Table II Magnetic-Assisted Martensite—Eq. [9] Fitting Parameters

To check this possibility, we assumed influence of the magnetic field on the probability of existing nucleation loci to initiate the transformation. Ad hoc, \( P_{n} \left( T \right) = \frac{{\Delta G_{m} }}{{k_{B} T}} \), where ΔGm is a magnetic driving force. Thus, recasting Eq. [10],

$$ \left( {\nu \tau } \right)^{ - 1} = \frac{{\Delta G_{\text{m}} }}{{k_{B} T}}\exp \left( { - \frac{{\Delta W_{\text{am}} }}{{k_{B} T}}} \right). $$
(11)

Using the values of ΔGm tabulated in Korenko’s book,[20] and those of τ in Table II, we obtained the scatter plot in Figure 7. For comparison, data typical of the martensite transformation under zero-field are included. Simple inspection of the chart indicates that a common straight line would describe the three datasets (fitting correlation, R2 = 0.93).
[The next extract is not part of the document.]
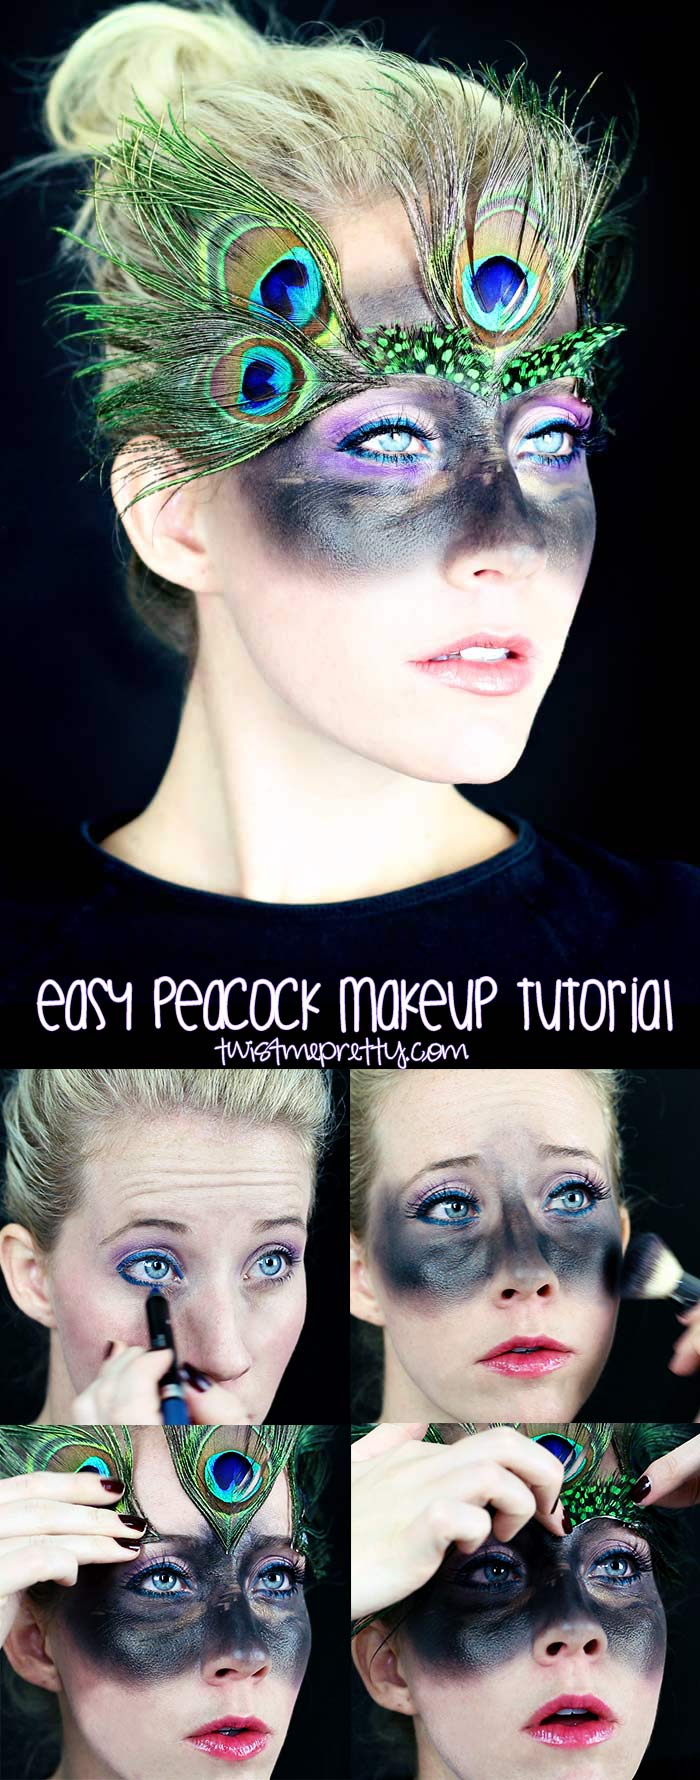 easy peacock makeup tutorial Easy Peacock Makeup

Therefore, we conclude that the magnetic field appears to influence the stability of the correlated atomic groups that access the nucleation path, a topic that deserves further investigation.

Fig. 7
figure 7

Activation energy for martensite nucleation as a function of the driving force. Zero-field transformation, Eq. [10], and magnetic-assisted transformation, Eq. [11]
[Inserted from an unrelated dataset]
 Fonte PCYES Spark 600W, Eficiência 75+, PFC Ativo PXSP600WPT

8 Applicability of The Model Beyond Current Work

The approach to the martensite transformation curve described in the foregoing has been successfully applied to FeNiC[17] and FeNiMn[7] alloys and to FeC steels.[18] We believe the model could be applied to other systems, as well. To reinforce this assertion, Figure 8 demonstrates the fitting of martensite transformation curves with a high fitting coefficient. This martensite originates from a metastable austenite of a “18Cr-8Ni” stainless steel with different carbon concentrations transformed by cryogenic cooling recently reported by Masumura et al.[39] We show in Figure 8 that these researchers’ curves fitted with our model. The fitting parameters are shown in Table III.

Fig. 8
figure 8

Transformation curves typical of martensite transformation in “18Cr-8Ni” steels induced by cryogenic cooling, fitted with Eq. [6]. Data from Ref. [39]
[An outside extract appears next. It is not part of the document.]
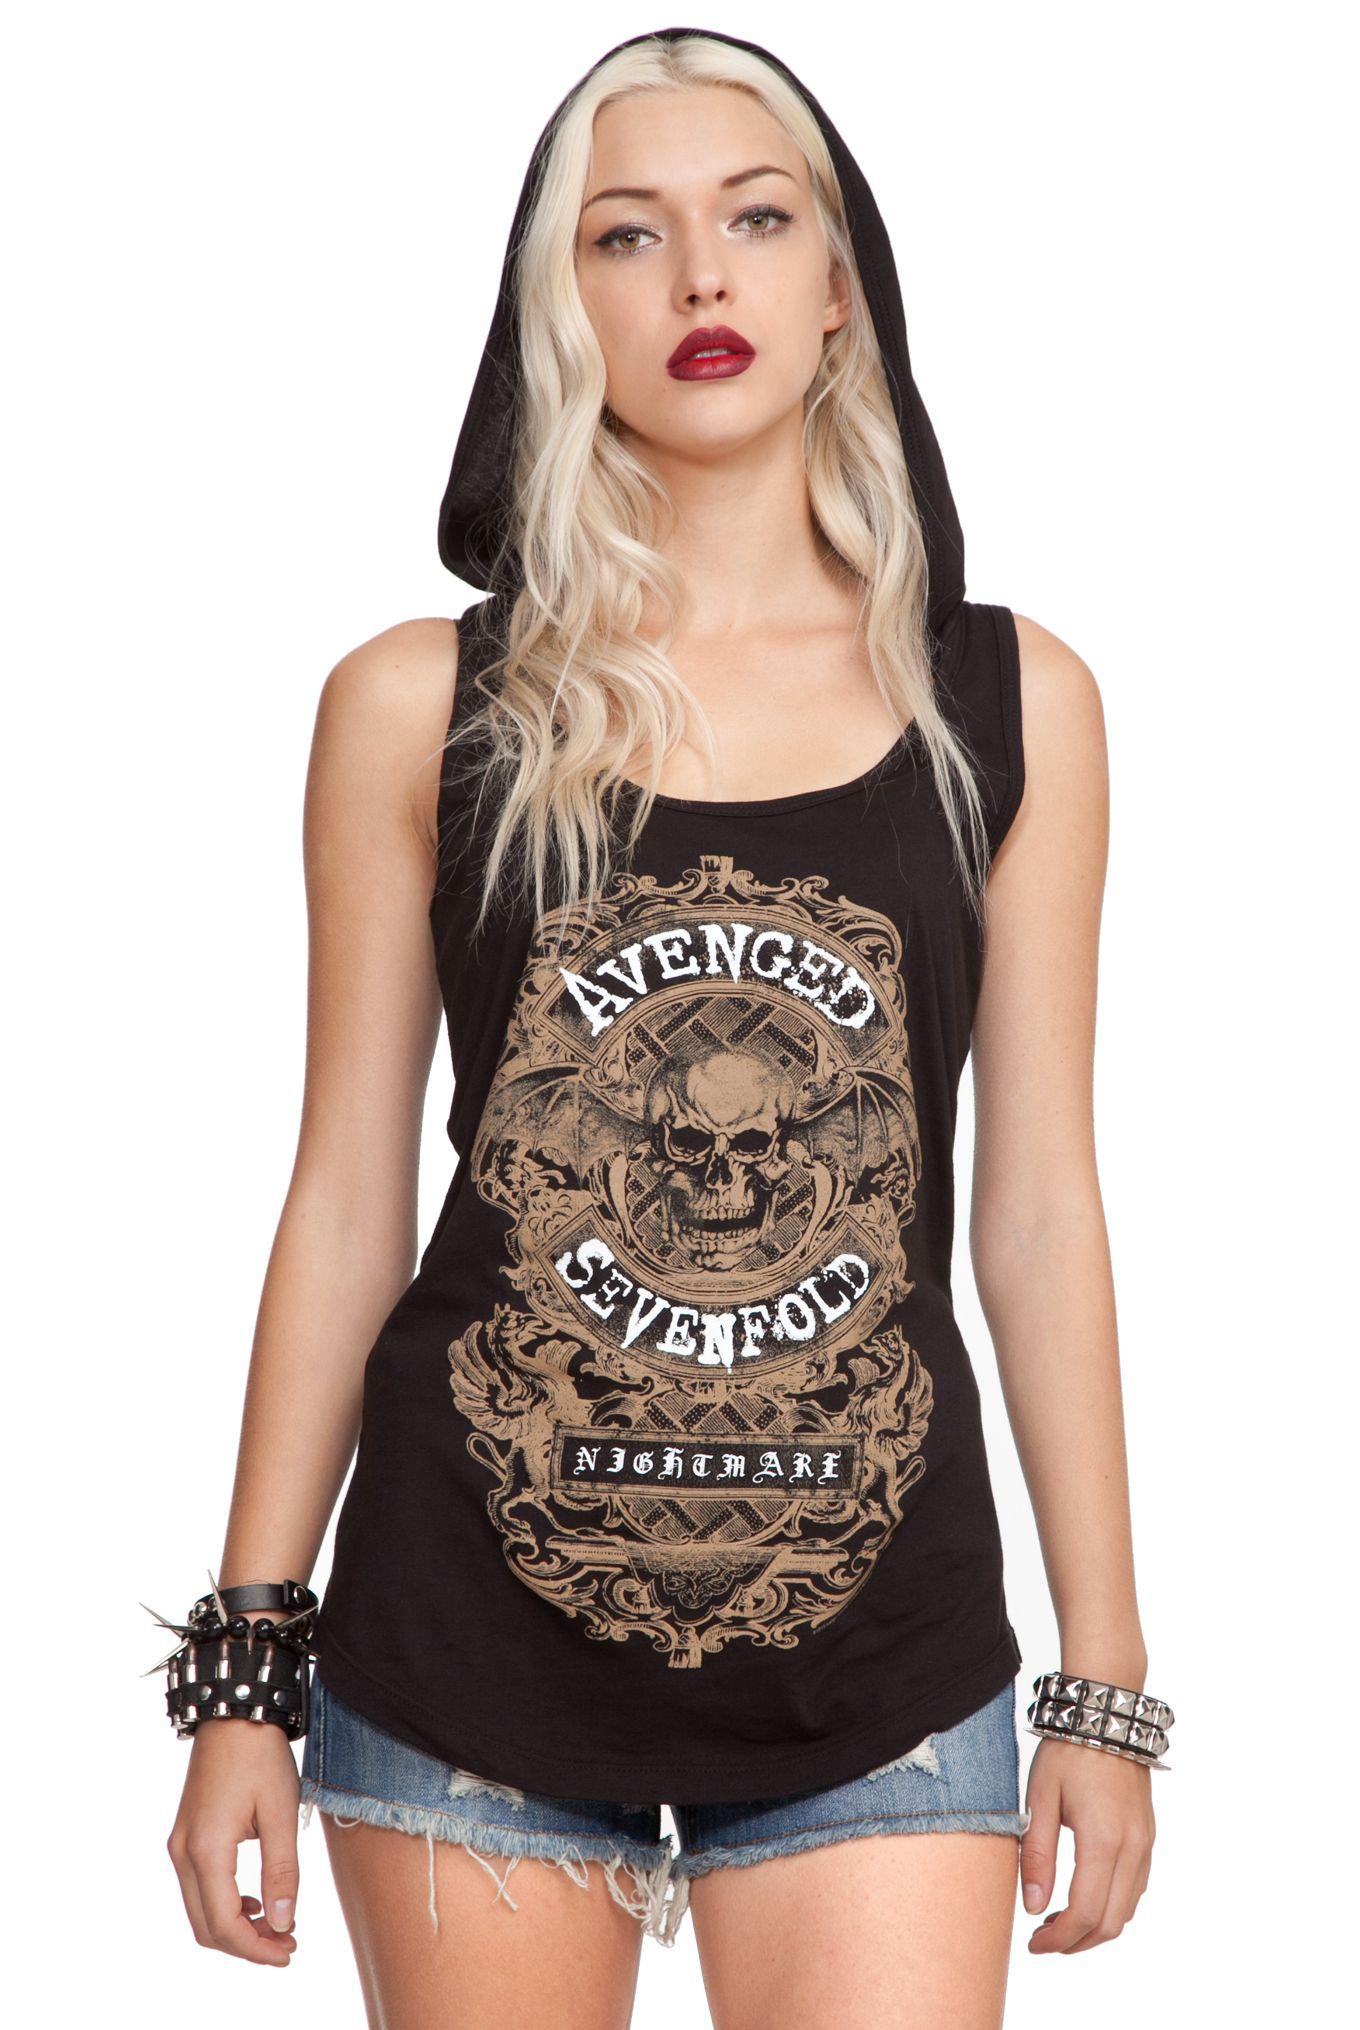 b2458f7e9e Avenged Sevenfold Nightmare Hooded Girls Tank Top

Table III Cryogenic-Cooled 18Cr-Ni Steel[39]

9 Summary and Conclusions

The high fittings of experimental transformation curves considered in the present work warrant the proposed model for the martensite transformation curve. The usefulness of the model Eq. [5] derives from consideration of the probabilistic aspect of the microstructure evolution, which avoids the complication inherent to the sequence of martensite unit formation, as well as from the utilization of a kinetic equation that acknowledges the generally accepted autocatalytic and nucleation-controlled aspects of martensite transformation. The model acknowledges that although thermodynamic principles determine the possibility of the transformation microstructure, the fraction transformed is determined by the accommodation of the transformation strains in the environment where the martensite units form.[16] Notably, the analysis of the fitting parameters in Eq. [5] provides expeditious clues about the reaction kinetics. The values of τ obtained from the referenced alloy reiterated the classical linear dependence of ΔWa on the driving force that characterizes martensite kinetics.[33,34,35] To summarize, despite simplifications common to phenomenological/formal models, the description of the martensite transformation curve consolidated into Eq. [5] is considered operational. Furthermore, the model is expected to be applicable to martensite in other systems, and it is shown to fit recent data[39] on “18Cr-8Ni” stainless steel.